Cancer Center Dachau-Donauwoerth/Steinbeishochschule, Berlin, Germany.
O&G Department, Cancer Center Dachau, Dachau/Universität Ulm, Krankenhausstr. 15, 85221, Dachau, Germany.
Sci Rep. 2020 Jun 26;10(1):10459. doi: 10.1038/s41598-020-67393-9.
Next generation sequencing (NGS) together with protein expression analysis is back bone of molecularly targeted therapy in precision medicine. Our retrospective study shows our experience with NGS of 324 genes in combination with protein expression in patients with advanced breast cancer (aBC). The primary purpose was to analyze the prevalence of individual genetic alterations combined with protein expression to define potential targets for an individualized therapy. Between April 2018 and September 2019, 41 patients with aBC were offered a NGS test. The test was used to detect clinically relevant genomic alterations and to support further targeted therapy decisions. Hormone receptors, ERBB2 of tumors and PD-L1 was stained by immunohistochemistry. The data was recorded up to September 2019. After prior consent 41 results were available for further analysis. The most common BC subtypes were triple-negative (n = 16), HR+/ERBB2- (n = 15), and ERBB2+ (n = 9), with one missing data of the primary tumor. 27 patients had more than one genetic alteration. The most common alterations were PIK3CA (n = 14) and ERBB2 alterations (n = 11). Followed by ESR1 (n = 10), FGFR1 (n = 7) and PTEN (n = 7). 68% of the alterations were clinically relevant (tier I and II of ESCAT classification). The most common treatment recommendation was ERBB2-directed therapy (single or double blockade, trastuzumab emtansine and lapatinib) followed by alpelisib in combination with fulvestrant. Comprehensive genomic profiling combined with protein expression analysis in aBC allowed a guided personalized therapy for half of our patients. So far there are no well-defined tools allowing interpretations of genomic alterations detected by NGS in combination with protein expression and other factors.
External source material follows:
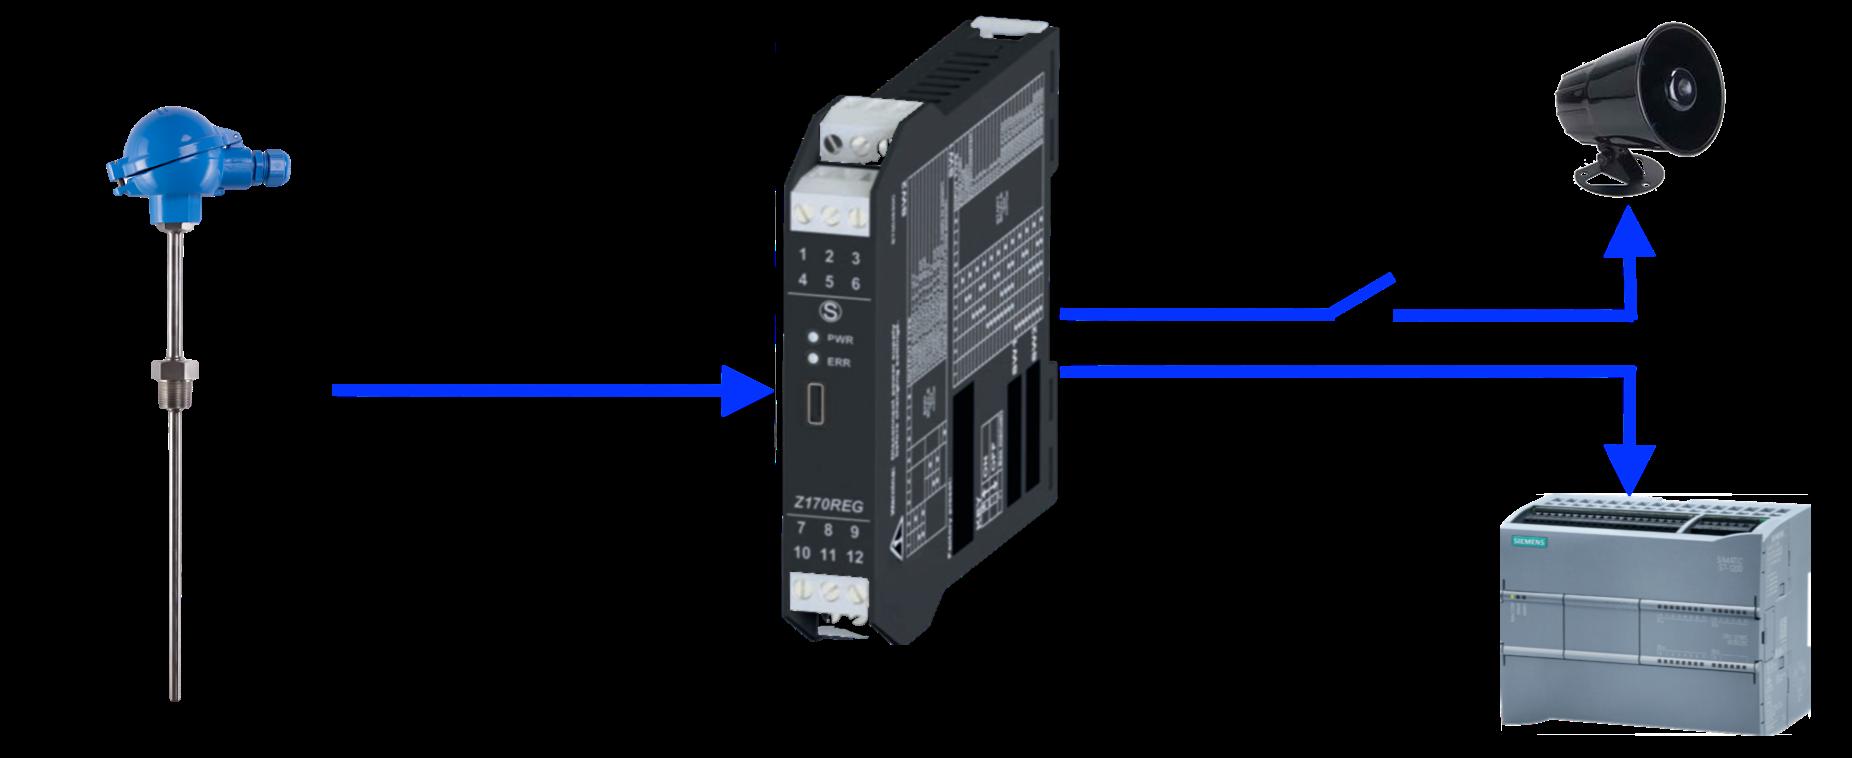 bộ chuyển đổi tín hiệu từ Analog sang Digital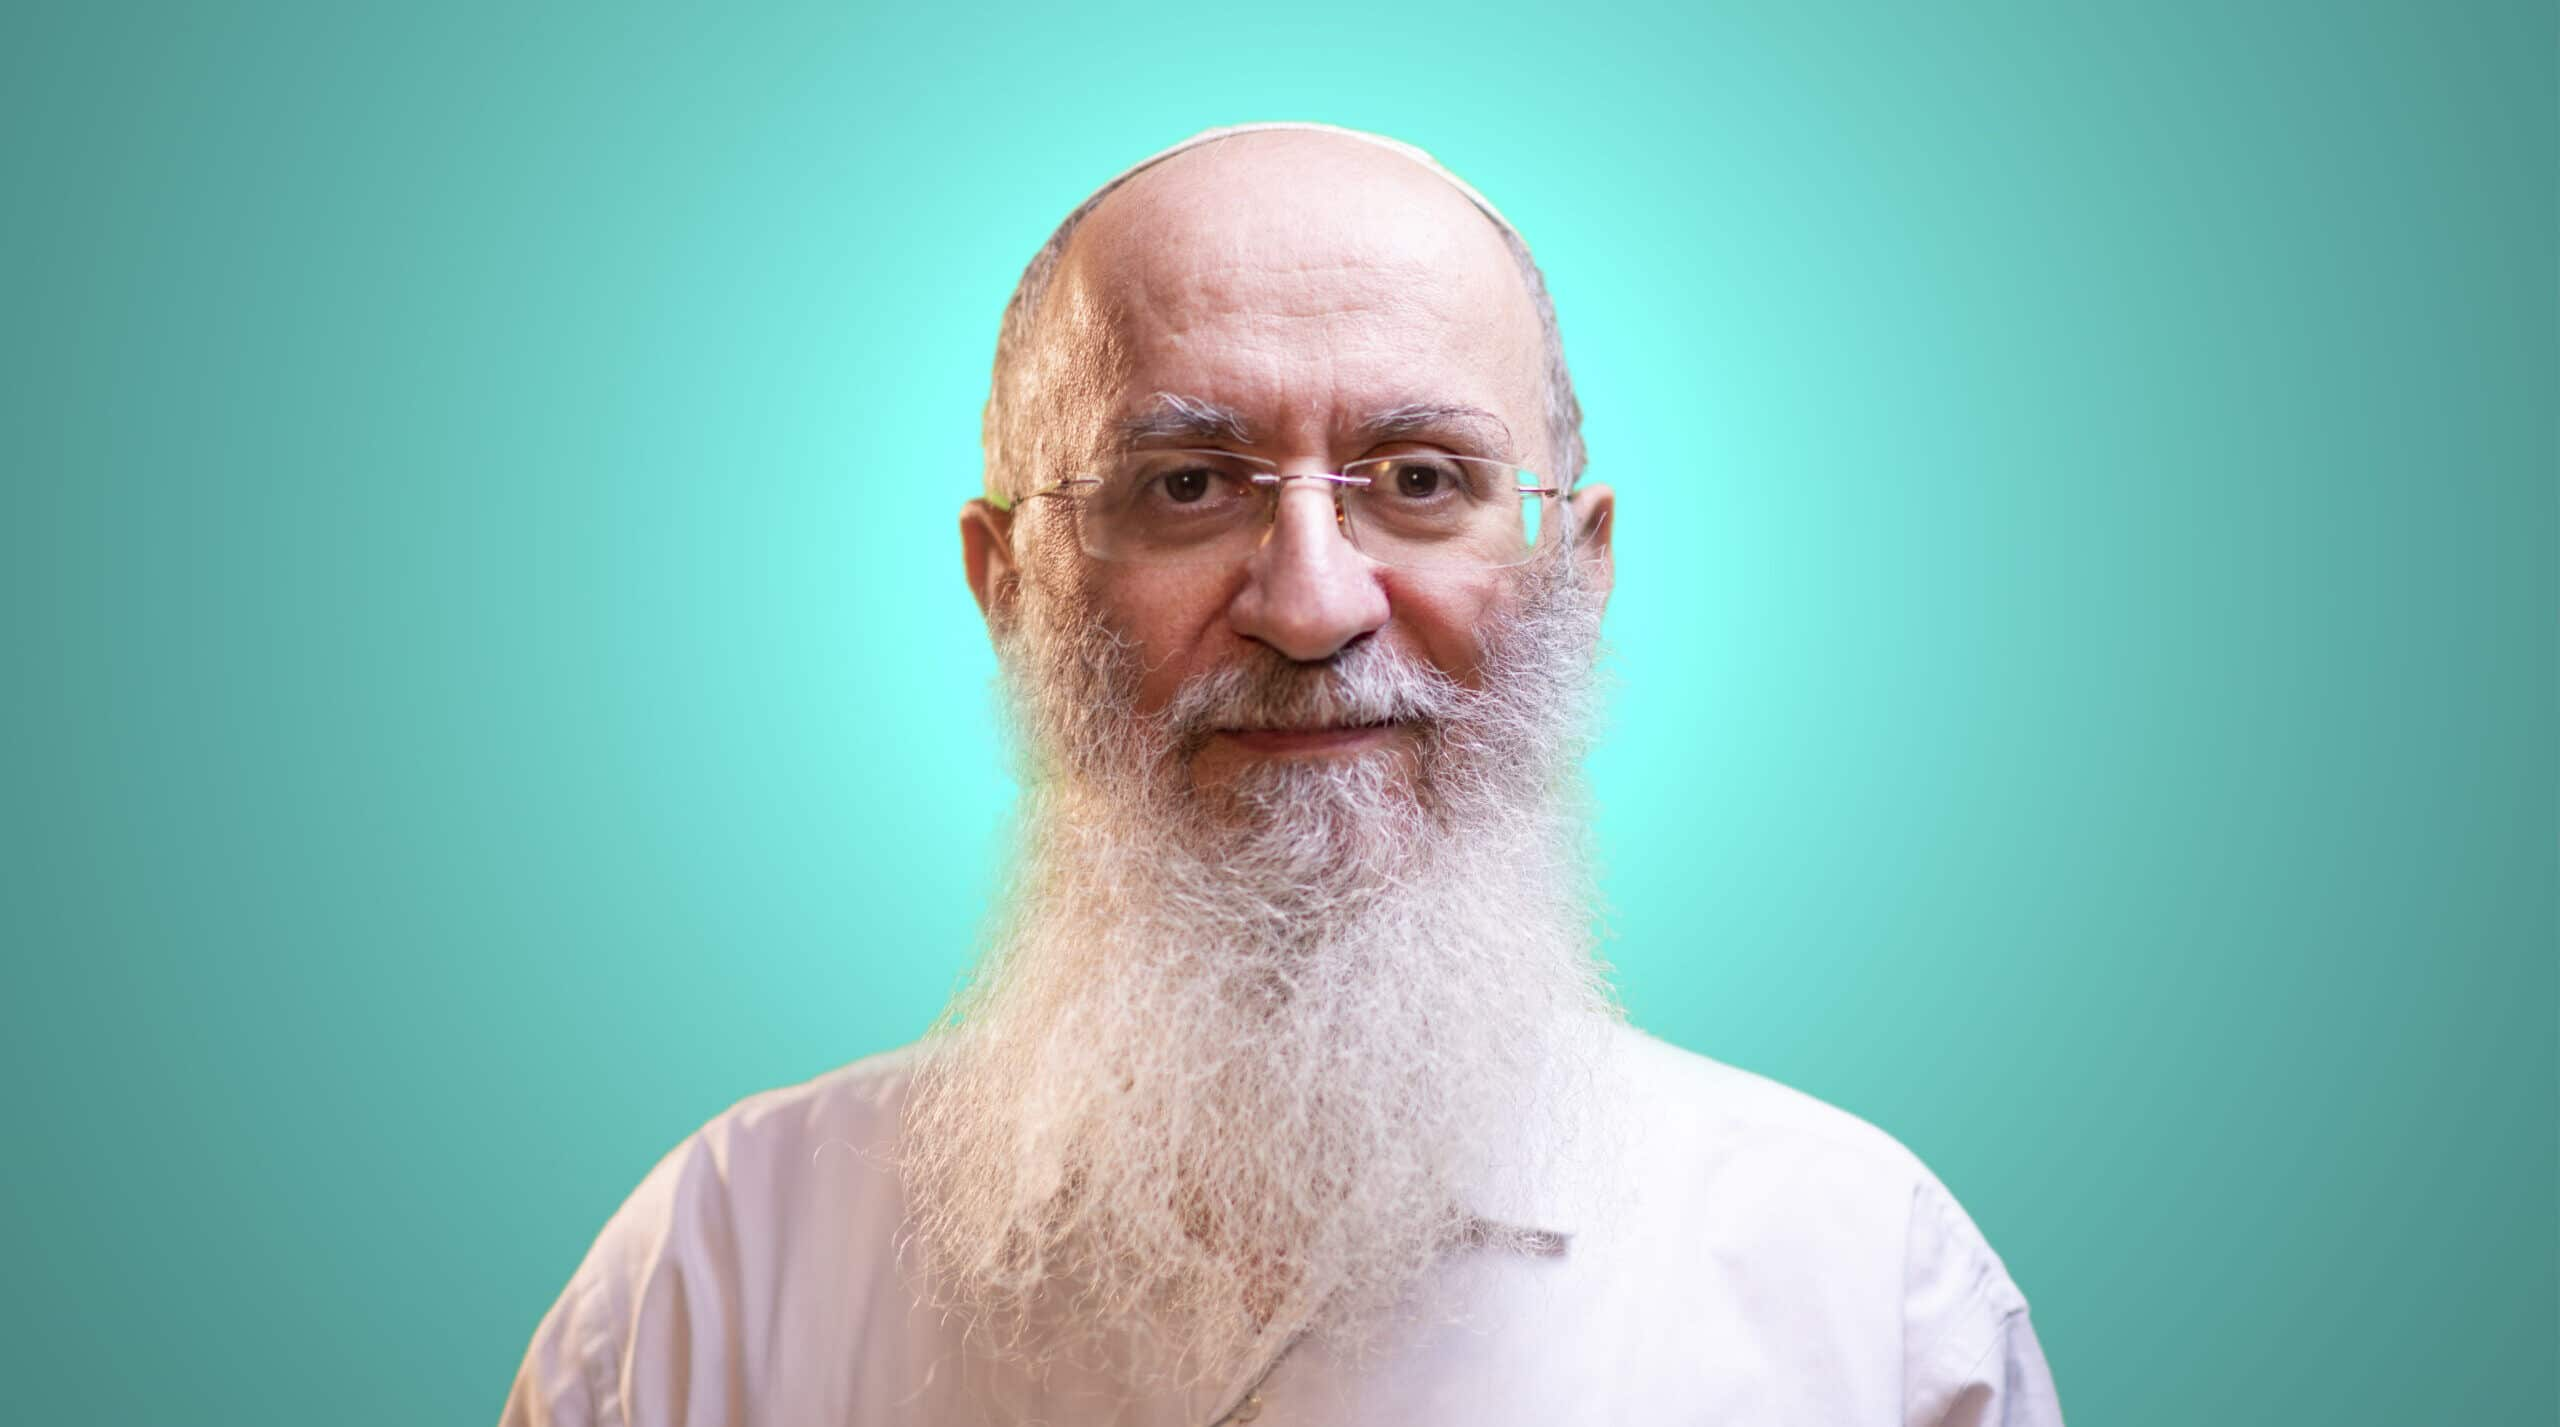 הרב אורי שרקי :מדוע עולמינו נקרא 'עלמא דשקרא' ?

下一代测序 (NGS) 与蛋白质表达分析一起是精准医学中靶向治疗的基础。我们的回顾性研究展示了我们在晚期乳腺癌 (aBC) 患者中进行的 324 个基因与蛋白质表达联合 NGS 的经验。主要目的是分析个体遗传改变与蛋白质表达相结合的患病率,以确定个体化治疗的潜在靶点。2018 年 4 月至 2019 年 9 月,我们为 41 名 aBC 患者提供了 NGS 检测。该检测用于检测临床相关的基因组改变,并支持进一步的靶向治疗决策。激素受体、肿瘤的 ERBB2 和 PD-L1 通过免疫组织化学染色。数据记录到 2019 年 9 月。在事先同意的情况下,有 41 个结果可用于进一步分析。最常见的 BC 亚型是三阴性 (n = 16)、HR+/ERBB2-(n = 15) 和 ERBB2+(n = 9),其中一个原发性肿瘤的数据缺失。27 名患者有不止一种遗传改变。最常见的改变是 PIK3CA(n = 14)和 ERBB2 改变(n = 11)。其次是 ESR1(n = 10)、FGFR1(n = 7)和 PTEN(n = 7)。68%的改变是临床相关的 (ESCAT 分类的 I 级和 II 级)。最常见的治疗建议是 ERBB2 靶向治疗 (单或双阻断,曲妥珠单抗emtansine 和拉帕替尼),其次是 alpelisib 联合氟维司群。在 aBC 中,综合基因组分析与蛋白质表达分析相结合,使我们一半的患者能够接受有针对性的个体化治疗。到目前为止,还没有明确的工具可以解释 NGS 与蛋白质表达和其他因素联合检测到的基因组改变。